Opponents say the tunnel will bring congestion and pollution to the wider area and is incompatible with London’s climate change commitments. Khan has rejected charges of hypocrisy, accused opponents of living in “never-never land”, and said the tunnel is needed to combat queues at the Blackwall Tunnel, which will be tolled along with the new road.

The advice had come from the council’s legal department, which tried in March to halt a motion against the tunnel from the borough’s scrutiny committee.

Two councillors on the committee circumvented this by proposing and seconding a motion themselves. But this motion was cited last night as a reason for pulling the item. Council officers will now decide whether or not to approve the design.

“Officers have accepted legal advice that the majority of planning board members have predetermined their position on the item as a result of their views expressed previously on the Silvertown Tunnel project, including, but not limited to the motion passed by full counsel on March 22, 2022,” said the statement read out by Dillon.

“As a result, these members would not be able to participate in the item which would leave the planning board inquorate. This item will therefore be determined by a delegated authority in accordance with the council’s constitution.”

David Gardner, a former deputy leader of the council and a councillor for Greenwich Peninsula, said the statement “cast aspersions” on the ability of councillors to be able to decide on “a very specific detailed application”.

Anning, who represents Creekside, went further: “I’m very disappointed with the statement that you’ve read out which casts aspersions on members of this board and suggests that they will predetermine. I reject that completely.

“I’m very sorry that this has been publicly read out because it does cast aspersions on us. I am very disappointed that democracy cannot take place tonight for the people of Greenwich.”

Bridge The Gap campaign launch
Greenwich Council – including former leader Denise Hyland (front, centre) had actively campaigned for the tunnel to be built

Of the 10 members of the committee, Dillon (Charlton Village), Gardner, Anning, Maisie Richards Cottell (East Greenwich), Chris Lloyd (West Thamesmead) and Clare Burke-McDonald (Charlton Hornfair) have publicly criticised the mayor’s plans.

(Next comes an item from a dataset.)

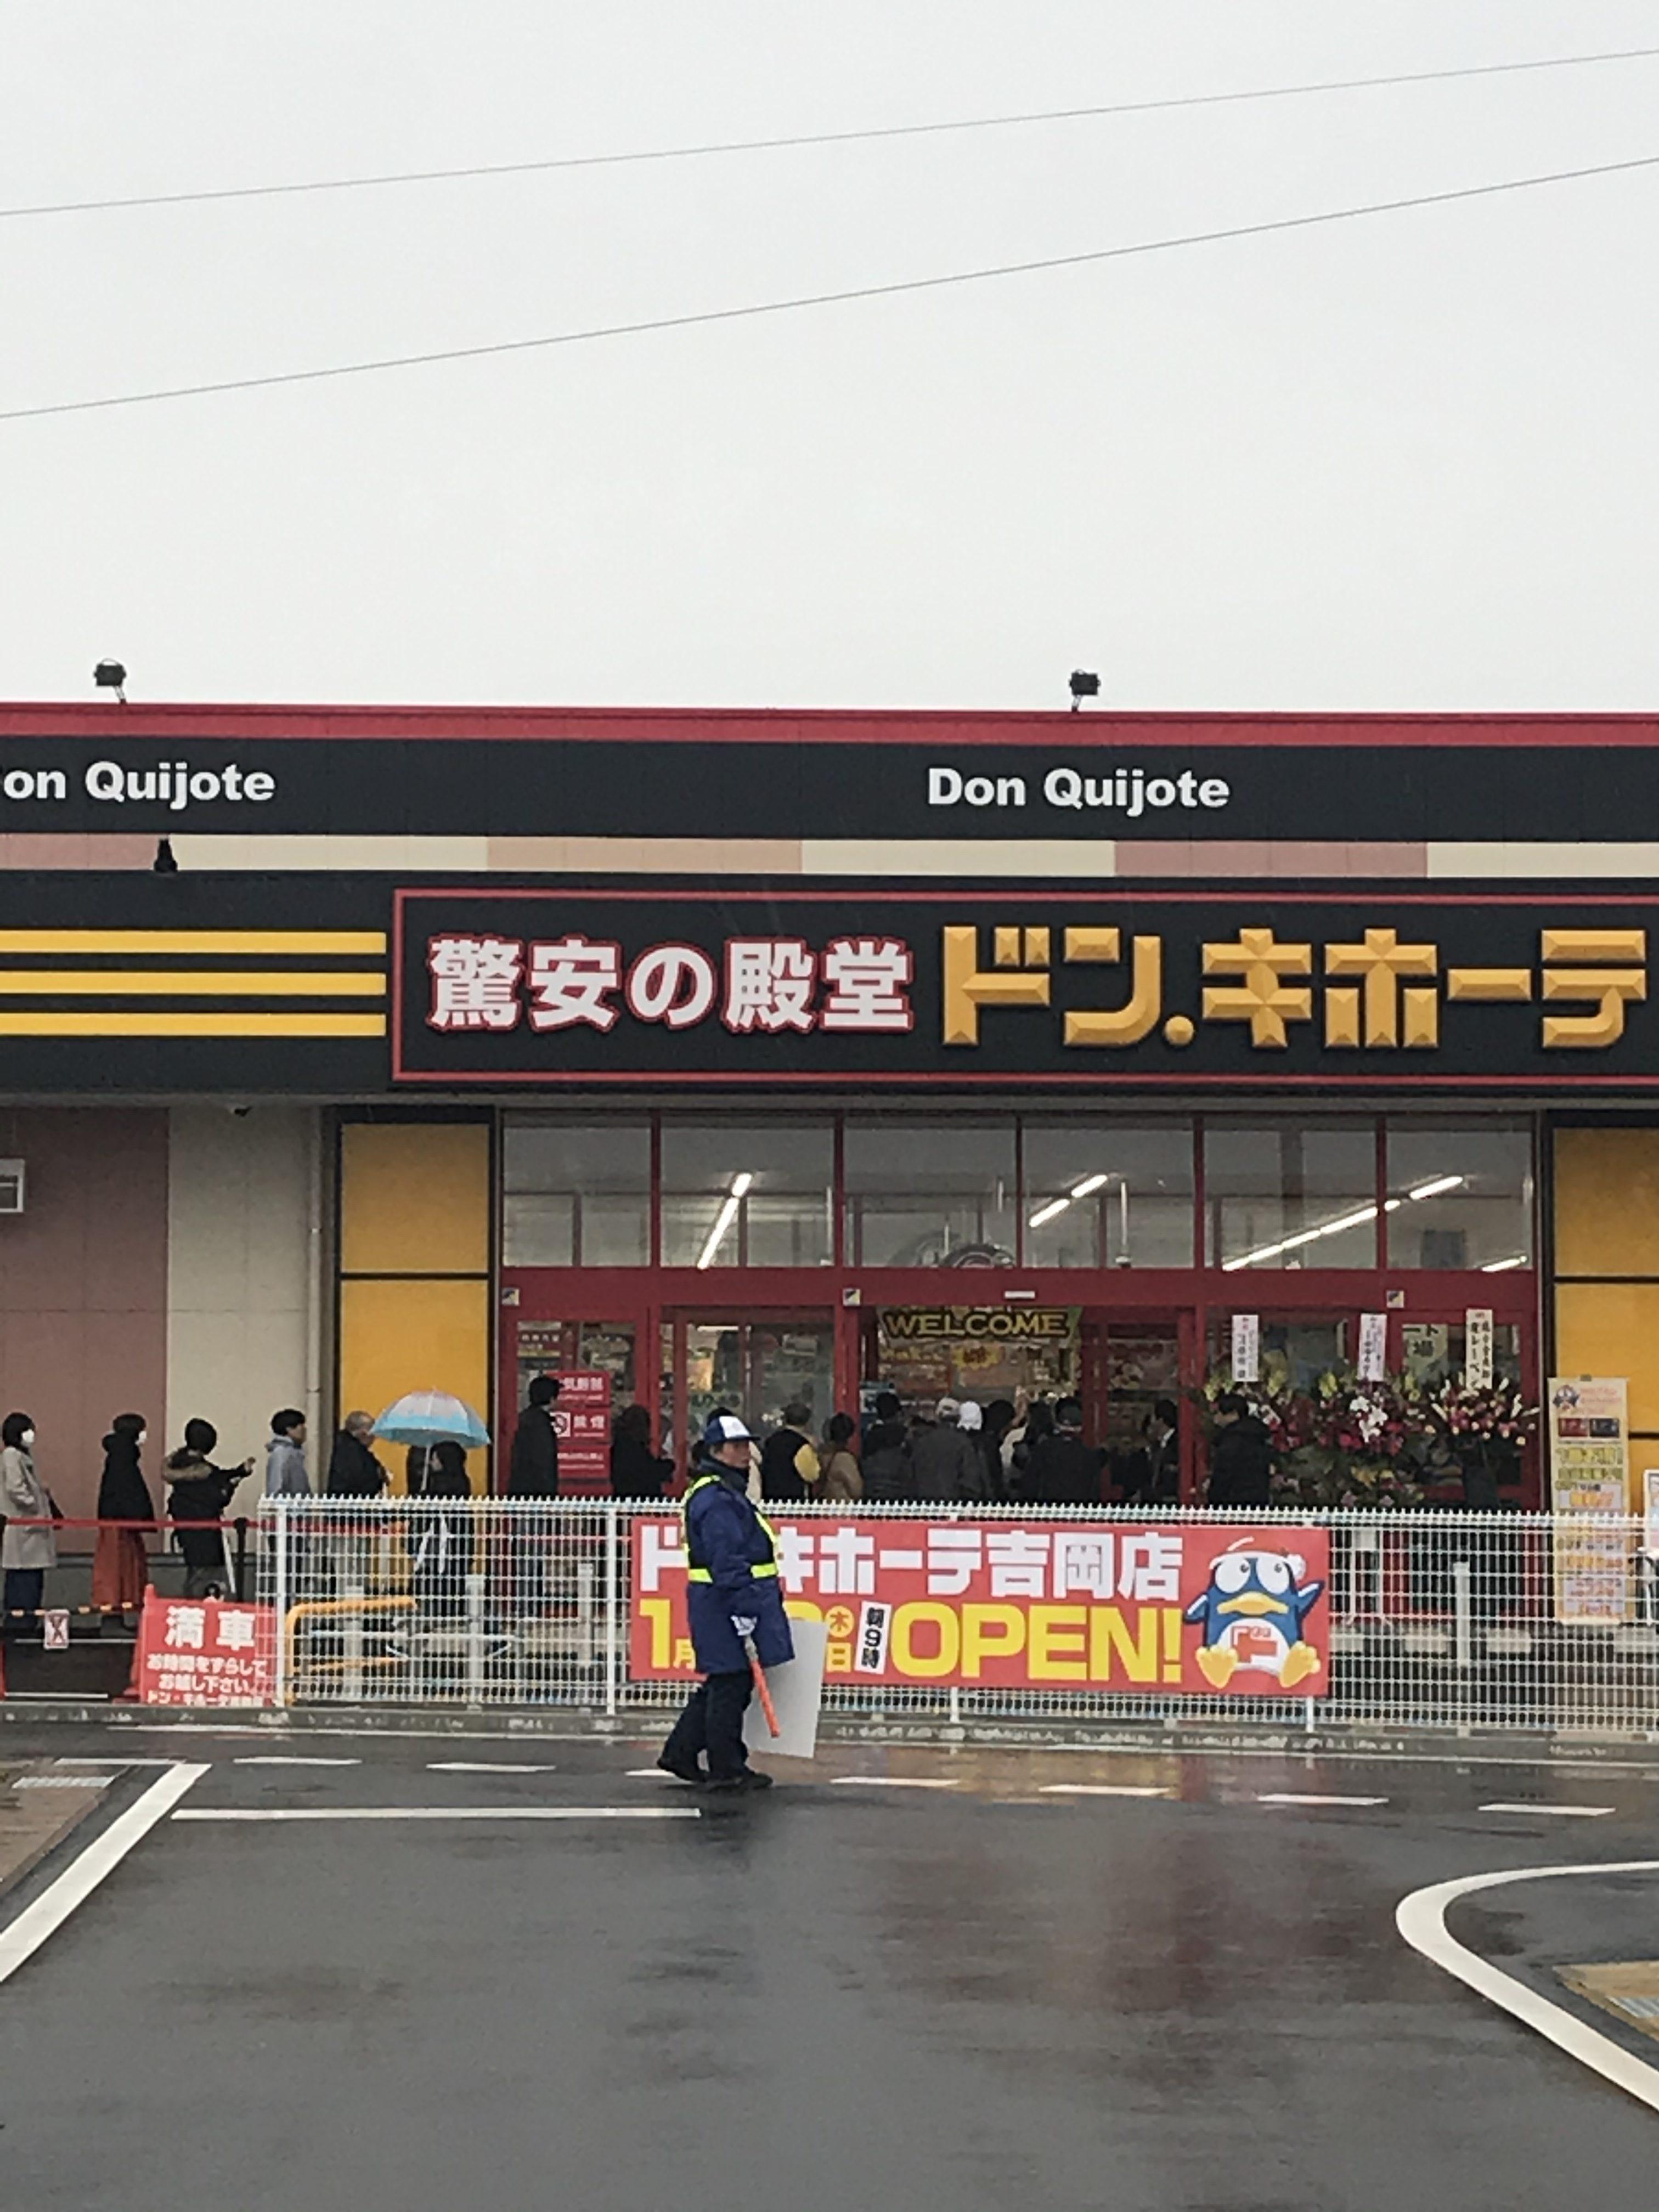 23日吉岡町ドンキーホーテオープン店内凄い混みようでした。

However, one member – former leader Denise Hyland (Abbey Wood) – publicly campaigned for the tunnel to be built. One of her cabinet colleagues at the time admitted this year that the council had “screwed up”.

Greenwich and Newham – where the tunnel’s northern entrance will be – had supported the project under previous leaderships, but Newham began to oppose the scheme when elected mayor Rokshana Fiaz took over in 2018. Greenwich took until this March to officially call for a rethink, with new leader Anthony Okereke opposed to the project.

On Monday night, in exchanges not reported by that borough’s local media, Newham councillors passed a motion calling for one of the tunnel’s lanes to be given over exclusively for public transport and a “cross river cycling plan” to be drawn up.